Passing through the bell with the field strung out in single file, Kerr started to make his presence felt with 300 metres remaining, causing Ingebrigtsen to take several anxious glances over his right shoulder down the back straight at the Brit whose expression was impervious behind his trademark dark glasses.

But the American duo of Hocker and Yared Nuguse took full advantage of Ingebrigtsen’s pacemaking par excellence, running almost in sync and looming on the long-time leader’s shoulder as four athletes rounded the bend for the last time.  

And in a frantic and fantastic rush for the medals, a tiring Ingebrigtsen drifted off the bend, allowing Hocker to strike on the inside. Kerr chased his American rival but this endeavour was in vain as Hocker pulled off one of the shocks of the Olympic Games. And in another unforeseen twist, Ingebrigtsen faded out of the medals altogether as Nuguse overhauled the reigning champion for bronze and only missing silver by 0.01.

And to add further insult to injury, Hocker also erased Ingebrigtsen’s Olympic record with his winning time of 3:27.65. Kerr’s silver medal-winning time of 3:27.79 was a British record while Nuguse won bronze in a lifetime best of 3:27.90.

Despite running faster than his previous Olympic record with 3:28.23, Ingebrigtsen came away empty-handed but he will have a second chance in the 5000m, an event in which he is the reigning world and European champion. The heats for the 5000m take place tomorrow morning.

European records for Laros and Finot

In the deepest championship 1500m race in history, the top six finishers all broke the 3:30-barrier, including the Dutch wonder-kid Niels Laros. 

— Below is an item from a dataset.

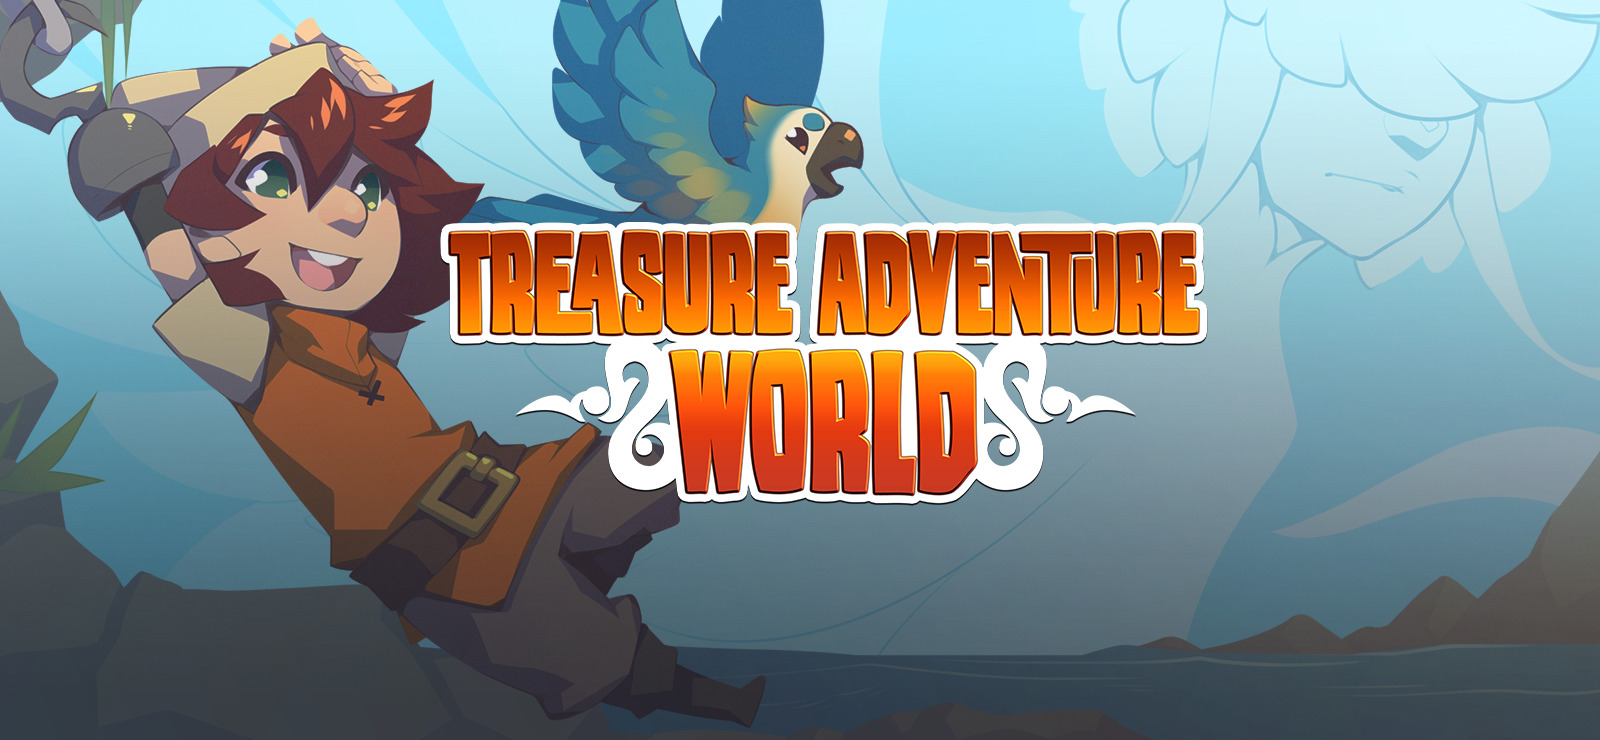 krog Cordelia hvor ofte Treasure Adventure World on GOG.com

The 19-year-old double European U20 champion, who fell in two successive races prior to the Olympics, finished an excellent sixth in 3:29.54 to break his Dutch record and also take ownership of the European U20 record which had previously belonged to Ingebrigtsen, eclipsing his previous record of 3:30.16.   

And in the 3000m steeplechase final, Alice Finot broke the nine minute-barrier for the first time in her career and eclipsed the long-standing European record in the process, finishing a brilliant fourth in a race won by Winfed Yavi from Bahrain, also in an Olympic record of 8:52.76.

Finot made considerable progress on the last lap and while she couldn’t quite close down on the three medallists, the European champion was delighted to set a European record of 8:58.67 which broke the previous mark of 8:58.81 - a world and Olympic record at the time - set by Gulnara Samitova-Galkina at the 2008 Olympic Games in Beijing.